A particle P of mass 2kg is attached to one end of a light rod of length 0.5m which is free to rotate in a vertical plane about its other end.The particle describes complete circles, Given that the tension at the bottom is 5times the tension at the highest point, find spped of P ar lowest point
To find the speed of particle P at the lowest point, we can use the principles of circular motion.
1. First, let's consider the forces acting on the particle at the highest point and at the lowest point of the circular motion.
At the highest point:
- The tension (T1) in the rod acts downward.
- The weight of the particle (mg) acts downward.
- The net force acting on the particle is the tension minus the weight, resulting in the centripetal force required for circular motion.
At the lowest point:
- The tension (T2) in the rod acts upward.
- The weight of the particle (mg) acts downward.
- The net force acting on the particle is the tension plus the weight, again resulting in the centripetal force required for circular motion.
2. We can write the equations for the net force acting on the particle at both the highest and lowest points:
At the highest point:
T1 - mg = (mv^2) / r
(Tension in the rod minus the weight equals the centripetal force)
At the lowest point:
T2 + mg = (mv^2) / r
(Tension in the rod plus the weight equals the centripetal force)
3. Given that the tension at the highest point (T1) is 1/5th of the tension at the lowest point (T2), we can write:
T1 = (1/5)T2
4. Now, let's substitute the value of T1 in the equation for the highest point:
(1/5)T2 - mg = (mv^2) / r
5. Substituting the value of T2 from equation 4 into equation 5:
(1/5)(mv^2) / r - mg = (mv^2) / r
6. Simplifying equation 6:
(1/5)v^2 - g = v^2
7. Rearranging equation 6 to solve for v (speed of particle P at the lowest point):
v^2 - (1/5)v^2 = g
(4/5)v^2 = g
v^2 = (5/4)g
v = √((5/4)g)
8. Plugging in the value of g (acceleration due to gravity, approximately 9.8 m/s^2):
v = √((5/4)(9.8))
v = √(12.25)
v = 3.5 m/s
Therefore, the speed of particle P at the lowest point is 3.5 m/s.

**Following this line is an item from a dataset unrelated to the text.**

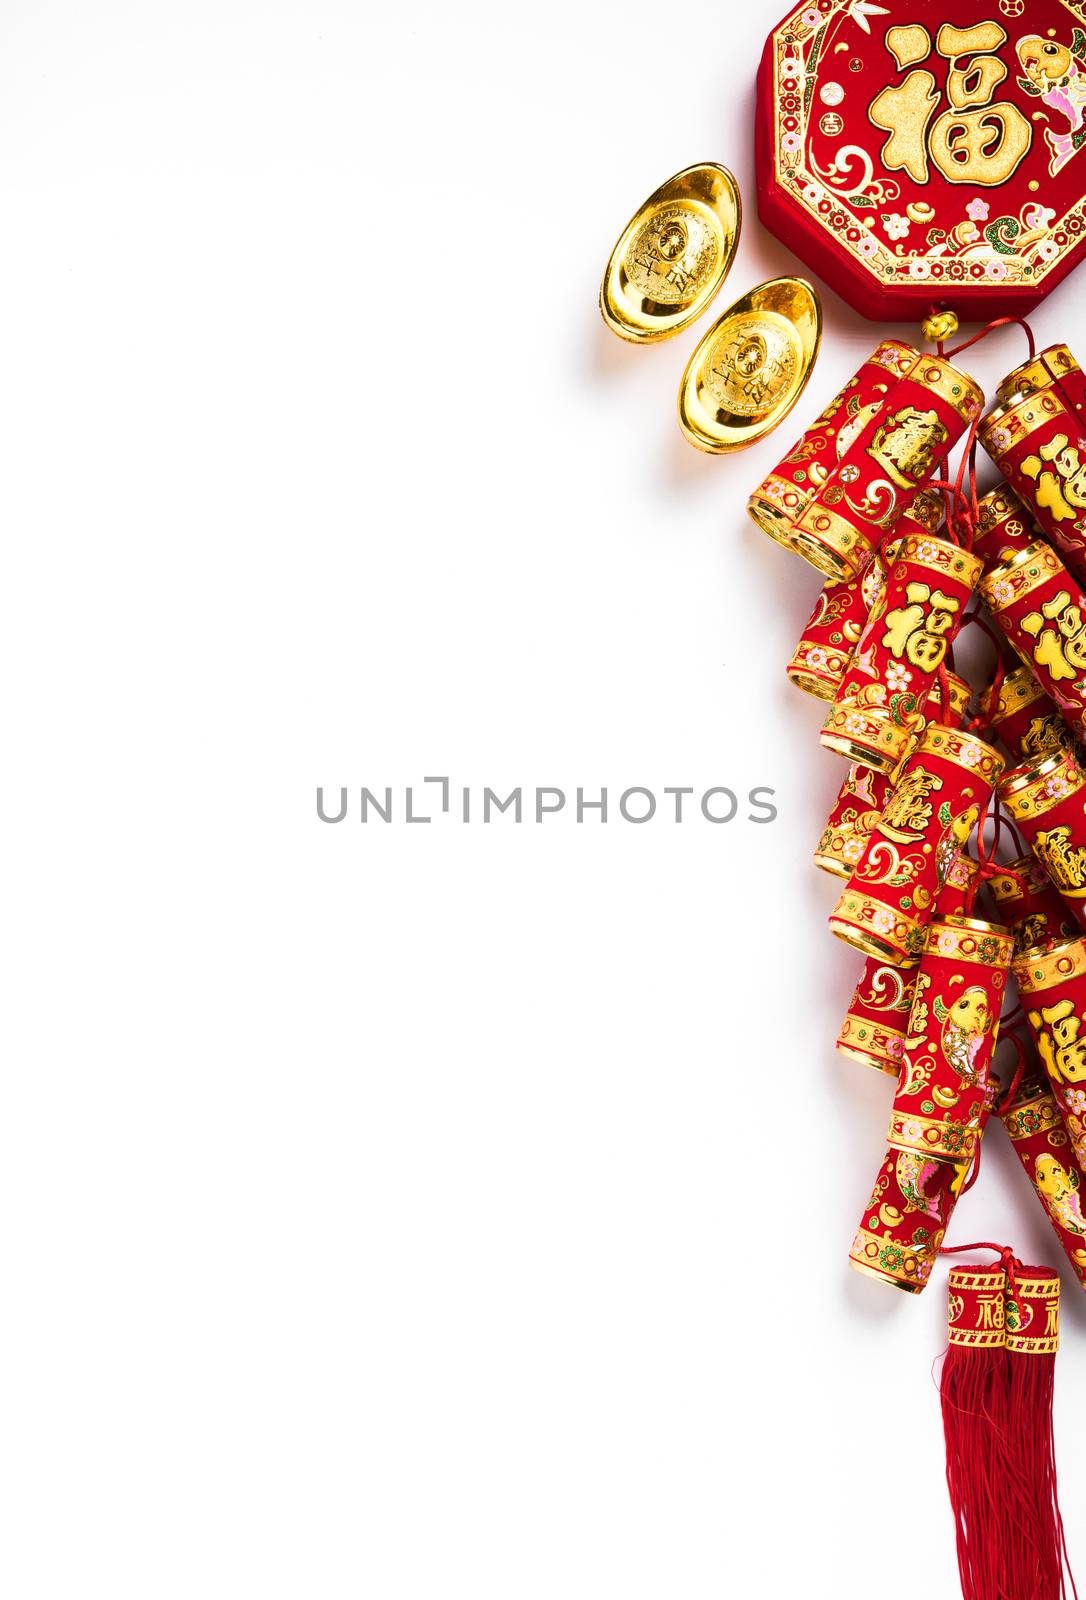 The Chinese new year festival, Top view flat lay happy Chinese new year or lunar new year decorations celebration with copy space on white background (Chinese character "fu" meaning fortune good luck)
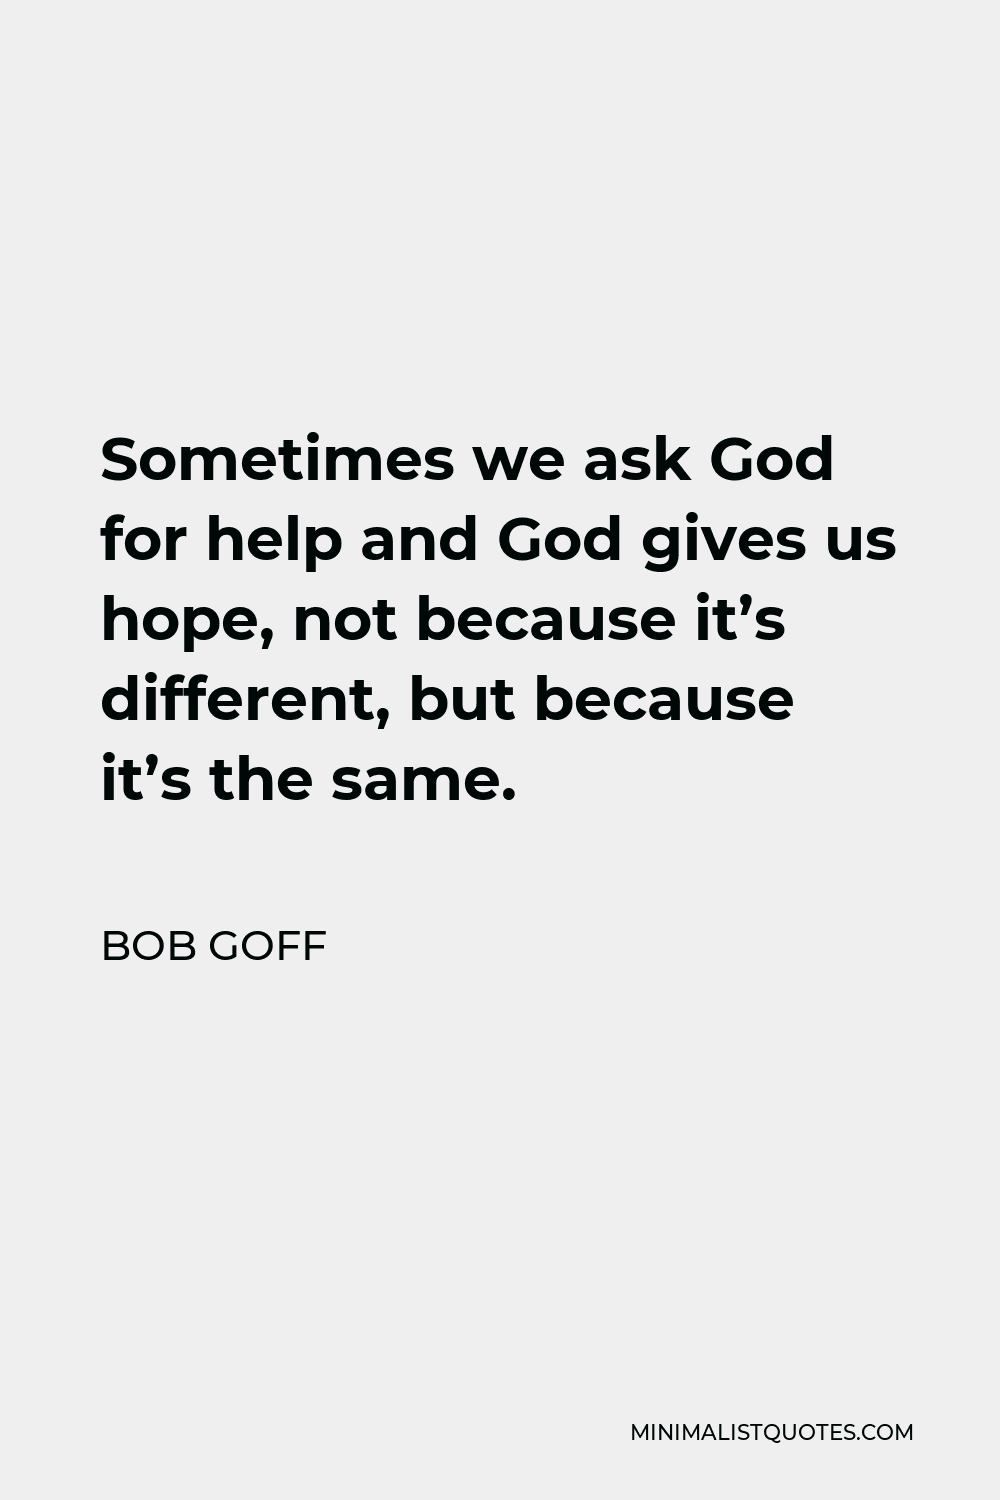 Bob Goff Quote - Sometimes we ask God for help and God gives us hope, not because it’s different, but because it’s the same.

To find the speed of particle P at the lowest point, we need to analyze the forces acting on the particle at that position.
At the lowest point, the tension in the rod will be at its maximum value. Let's denote this tension as T_max.
Let's break down the forces acting on the particle at the lowest point:
1. Gravitational force (mg): This force acts vertically downward and has a magnitude equal to the product of the mass of the particle (m) and the acceleration due to gravity (g). So, the gravitational force is given by mg = 2 kg * 9.8 m/s^2 = 19.6 N.
2. Tension in the rod (T_max): This force acts radially inward, towards the center of the circular path described by the particle P. Given that the tension at the bottom is 5 times the tension at the highest point, we can write T_max = 5 * T_highest.
At the highest point, the only forces acting on the particle are the gravitational force and tension in the rod. These forces can be broken down into their vertical and horizontal components. The vertical component of the tension balances the gravitational force, and the horizontal component provides the necessary centripetal force for circular motion.
At the lowest point, the horizontal component of the tension does not contribute to the motion because it acts perpendicular to the direction of motion. Hence, the only force acting on the particle in the direction of motion is the gravitational force. Therefore, the speed of the particle at the lowest point remains the same as at the highest point.
So, to find the speed of particle P at the lowest point, we need to determine the speed at the highest point.
The tension at the highest point (T_highest) can be found using the centripetal force equation:
T_highest - mg = (mv^2) / r
where v is the speed of the particle and r is the radius of the circular path, which is equal to the length of the rod (0.5m). Rearranging the equation, we get:
T_highest = (mv^2) / r + mg
Since the tension at the bottom is 5 times T_highest, we can write:
T_max = 5 * ((mv^2) / r + mg)
To solve for v, we need to substitute this expression for T_max into the equation for centripetal force:
T_max - mg = (mv^2) / r
Making the substitution, we have:
5 * ((mv^2) / r + mg) - mg = (mv^2) / r
Simplifying the equation, we get:
5mv^2 + 5mgr - 5mg = mv^2
Rearranging, we have:
4mv^2 = 5mgr
Dividing by 4m, we get:
v^2 = (5gr) / 4
Finally, taking the square root of both sides gives us:
v = √((5gr) / 4)
Substituting the values of g (acceleration due to gravity) and r (length of the rod), we find:
v = √((5 * 9.8 m/s^2 * 0.5 m) / 4)
v = √(24.5 m^2/s^2)
v ≈ 4.95 m/s
Therefore, the speed of particle P at the lowest point is approximately 4.95 m/s.